Diesen Prozess nennt man natürliche Sukzession, und jeder, der mit offenen Augen durch unseren Harz wandert, kann diese Entwicklung von neuem, jungem Wald beobachten, wenn er nur will. Dieser Wald wird anders aussehen, als wir es gewohnt sind, aber die Durchmischung von vielen Baumarten wird ihn deutlich abwechslungsreicher und als Lebensraum für die zahlreichen Waldbewohner geeigneter machen als zuvor.
Das Beste daran ist: Der neue Wald wächst kostenlos und wird mit Sicherheit stabiler und widerstandsfähiger gegenüber Klimaextremen wie Hitze und Trockenheit sein als der, den wir verloren haben: Die Bäume keimen und wachsen an ihren endgültigen Standorten, und nur diejenigen, die damit fertig werden, setzen sich durch und werden groß. Im Gegensatz dazu werden Aufforstungen mit Jungpflanzen aus Baumschulen begründet, die meist mehrfach umgepflanzt wurden und am Ende in ganz anderen Umweltbedingungen landen, als sie sie aus ihren Anzuchtbeeten gewohnt sind.
Lassen wir unserem Wald die Chance, wieder ein natürlicher, grüner, produktiver CO2-Speicher zu werden, indem wir seine gratis zur Verfügung stehende Regenerationsfähigkeit nutzen.
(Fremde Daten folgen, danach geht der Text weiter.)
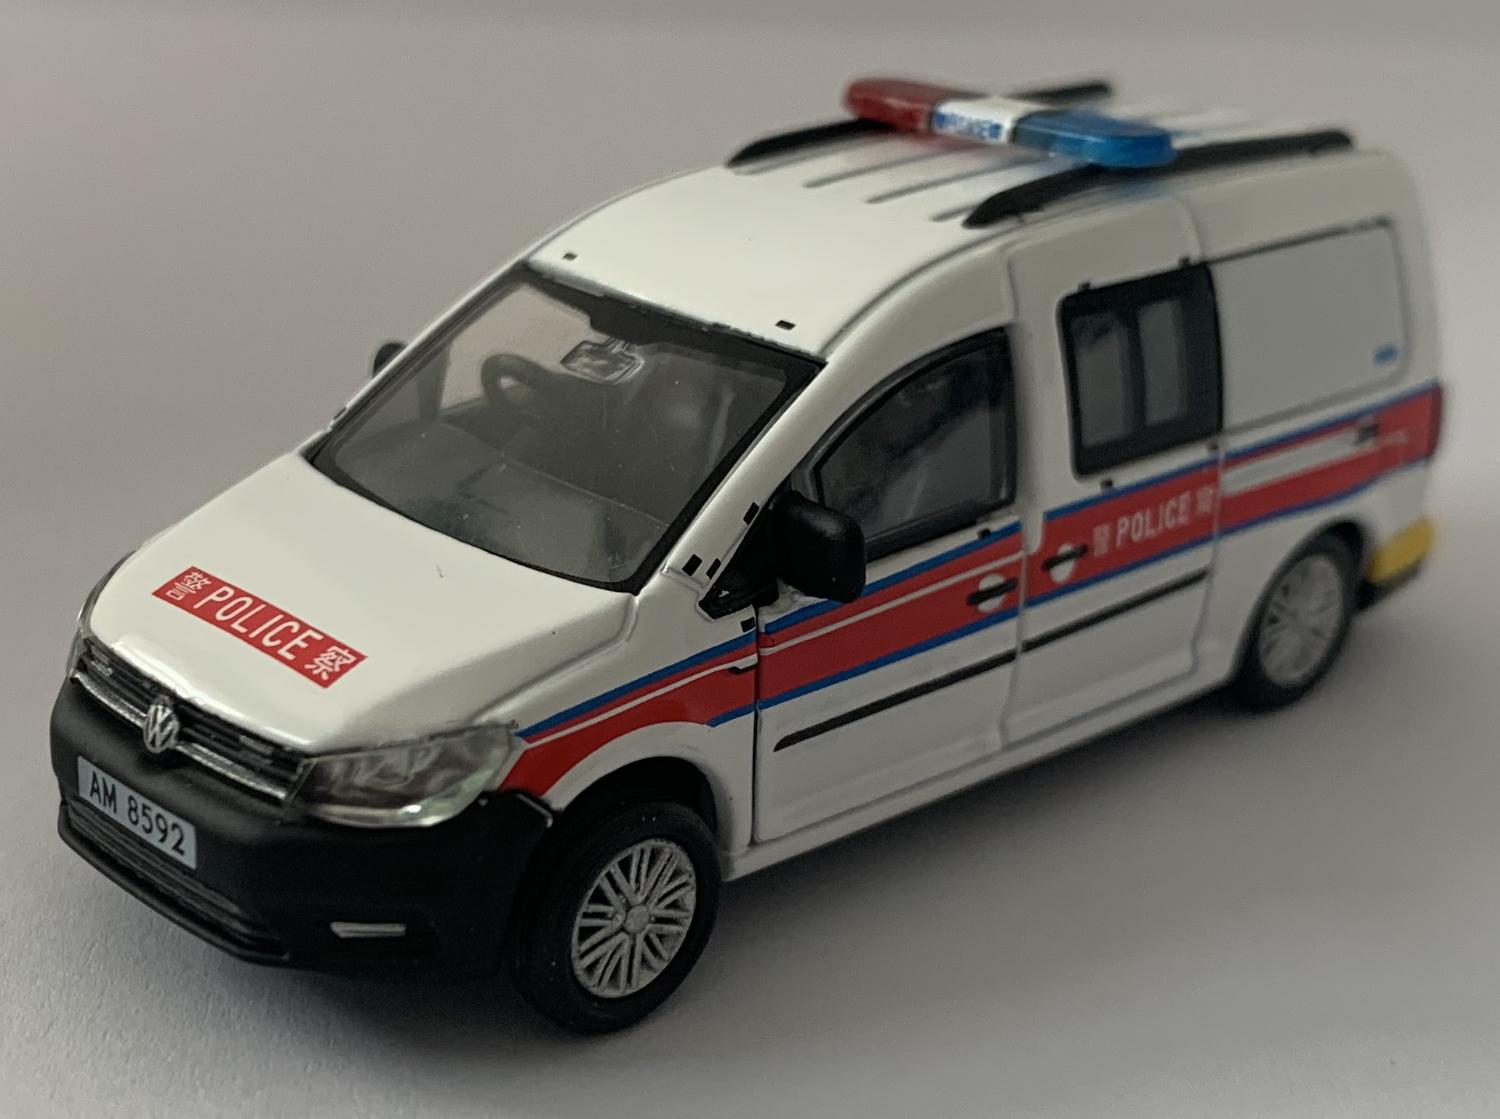 An excellent scale model of a VW Caddy Hong Kong Police decorated in authentic Hong Kong Police livery,

Wenn Windkraftanlagen im Wald gebaut werden, muss unter diesen die Strauchschicht und der Jungwuchs beseitigt werden, und binnen weniger Jahre verliert der Waldboden seine einzigartigen Fähigkeiten und degradiert. So stirbt beispielsweise das überall vorhandene Pilzmyzel ab, das für die meisten Waldbäume essenziell notwendig ist. Jeder, der auf bisherigen Freiflächen neuen Wald anpflanzen will, weiß, wie langwierig und mühsam dieser Prozess ist. Es wäre fatal, unsere Wälder, diesen Schatz der Natur für Windkraftanlagen zu opfern.
Unsere Wälder sind (noch?) Hotspots der Artenvielfalt. Damit wäre es bald vorbei, wenn die Regierungspläne Wirklichkeit werden. Die modernen Rotoren haben Durchmesser von deutlich über 100 m, und alle Lebewesen in ihrem weiteren Umkreis sind zum Tode verurteilt: nicht nur, wenn sie von den Rotoren getroffen werden, sondern auch wegen der Druckunterschiede infolge der Luftverwirbelungen, die ihre inneren Organe zerreißen. Der bereits vorhandene dramatische Schwund von Arten – ich nenne hier nur Vögel und Insekten – würde sich noch einmal vervielfachen.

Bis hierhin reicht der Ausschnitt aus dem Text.